QUESTION 2
“One of the most important functions of medical anthropology is precisely to question the
conventional and universal value and significance of biomedicine” (Unisa 2023:12). Considering
the above statement and other functions of the field, discuss the relevance of anthropology of
health (also known as medical anthropology) in understanding health, healing and medical
systems in western and indigenous societies. Applying examples and case studies from the
module will benefit your discussion.
Introduction
Medical anthropology, often referred to as the anthropology of health, is the comparative study of
health, healing, illness, and medical systems across cultures. It interrogates how different societies
conceptualize well-being, disease, and treatment, thereby expanding the understanding of health
beyond biomedical definitions. As Unisa (2023:12) highlights, “one of the most important functions
of medical anthropology is precisely to question the conventional and universal value and
significance of biomedicine.” This statement underscores the discipline’s central task: to expose
biomedicine not as a neutral, universal system, but as a culturally and historically situated practice.
By focusing on lived experience, cultural meanings, and social inequalities, medical anthropology
provides insights into the pluralism of health systems in both Western and indigenous societies. It
examines how illness is experienced, narrated, and managed differently depending on context, and
how systems of healing—whether biomedical or traditional—reflect underlying cultural logics. This
essay argues that medical anthropology is indispensable for understanding health and healing
because it challenges biomedical universalism, highlights the relevance of indigenous knowledge,
and critiques the political and cultural dimensions of Western medicine. In doing so, it demonstrates
that health is not merely biological, but deeply entangled with identity, power, and culture.
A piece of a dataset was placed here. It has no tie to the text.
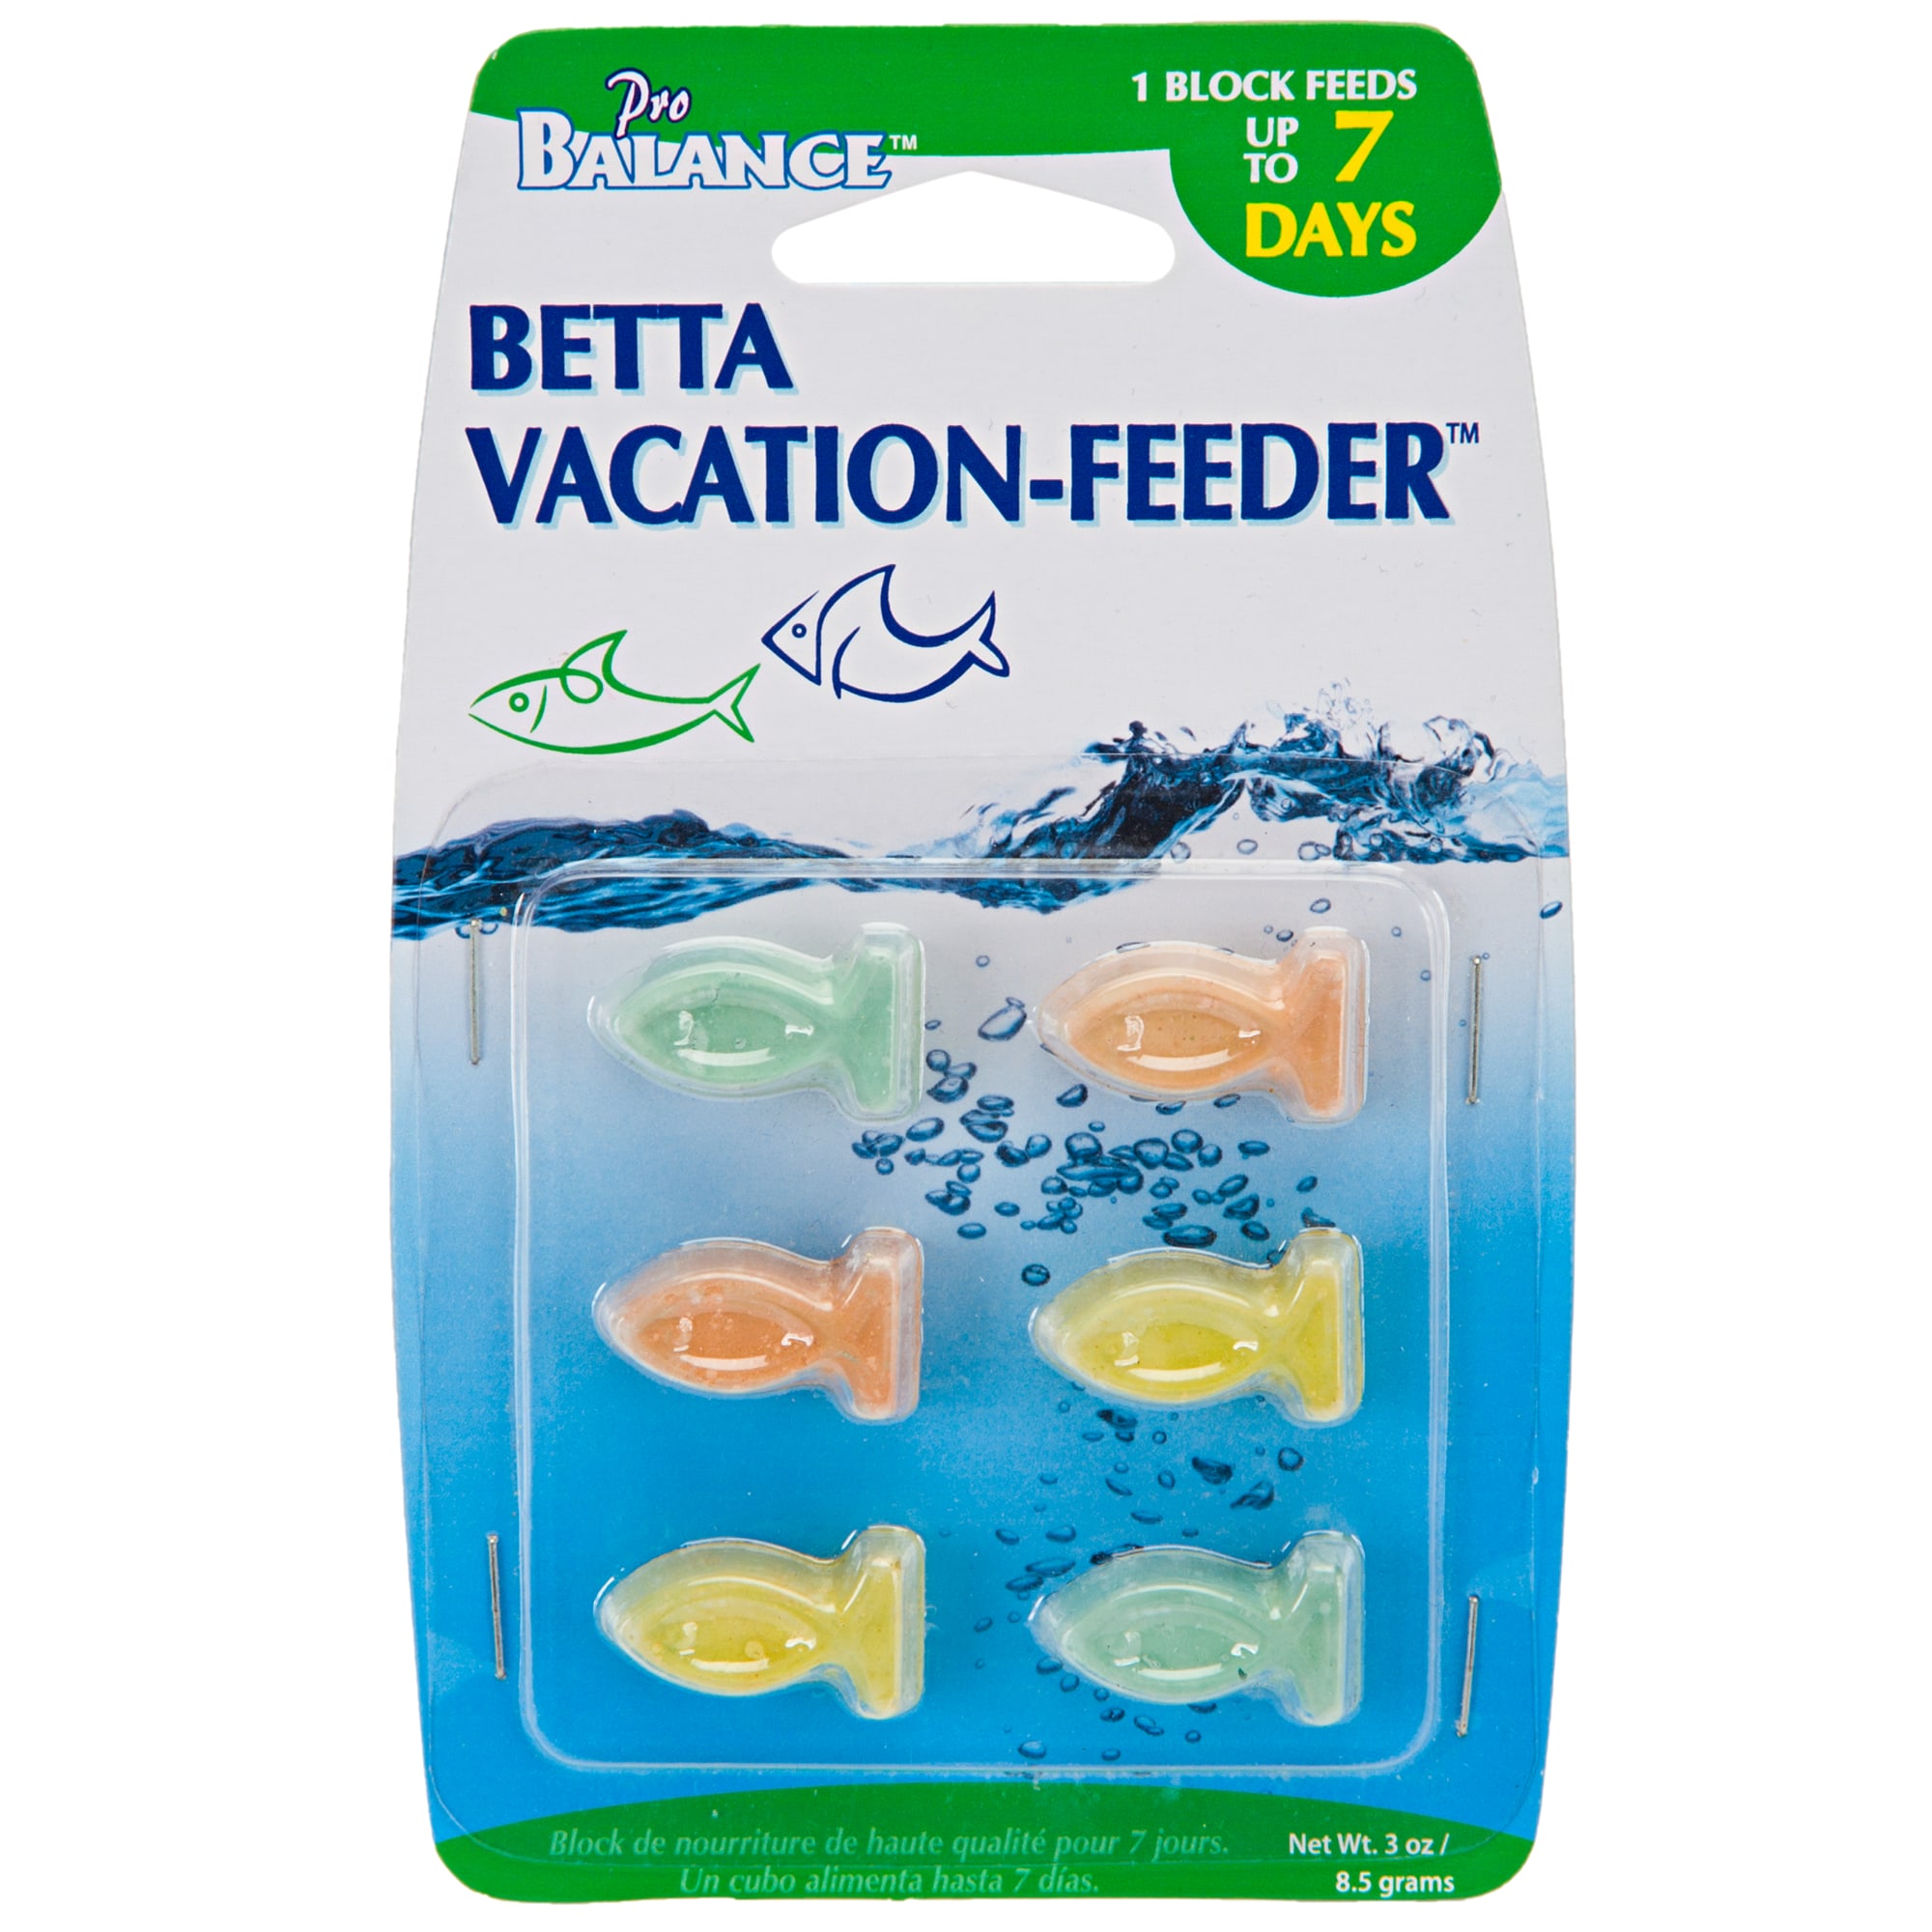 Top 10 Vacation Fish Feeders for Betta

Challenging the Universality of Biomedicine
Biomedicine is often framed as the dominant and “universal” approach to health, built on scientific
rationality and technological advancement. However, medical anthropology demonstrates that
biomedicine itself is a cultural system, shaped by Western historical, philosophical, and political
contexts (Kleinman 1980). It privileges reductionism—separating the body from the mind and
focusing narrowly on biological mechanisms—while neglecting the broader social and cultural
dimensions of illness.
A central critique is the medicalization of everyday life, where natural processes such as childbirth,
aging, or menopause are pathologized as medical problems requiring intervention (Conrad 2007).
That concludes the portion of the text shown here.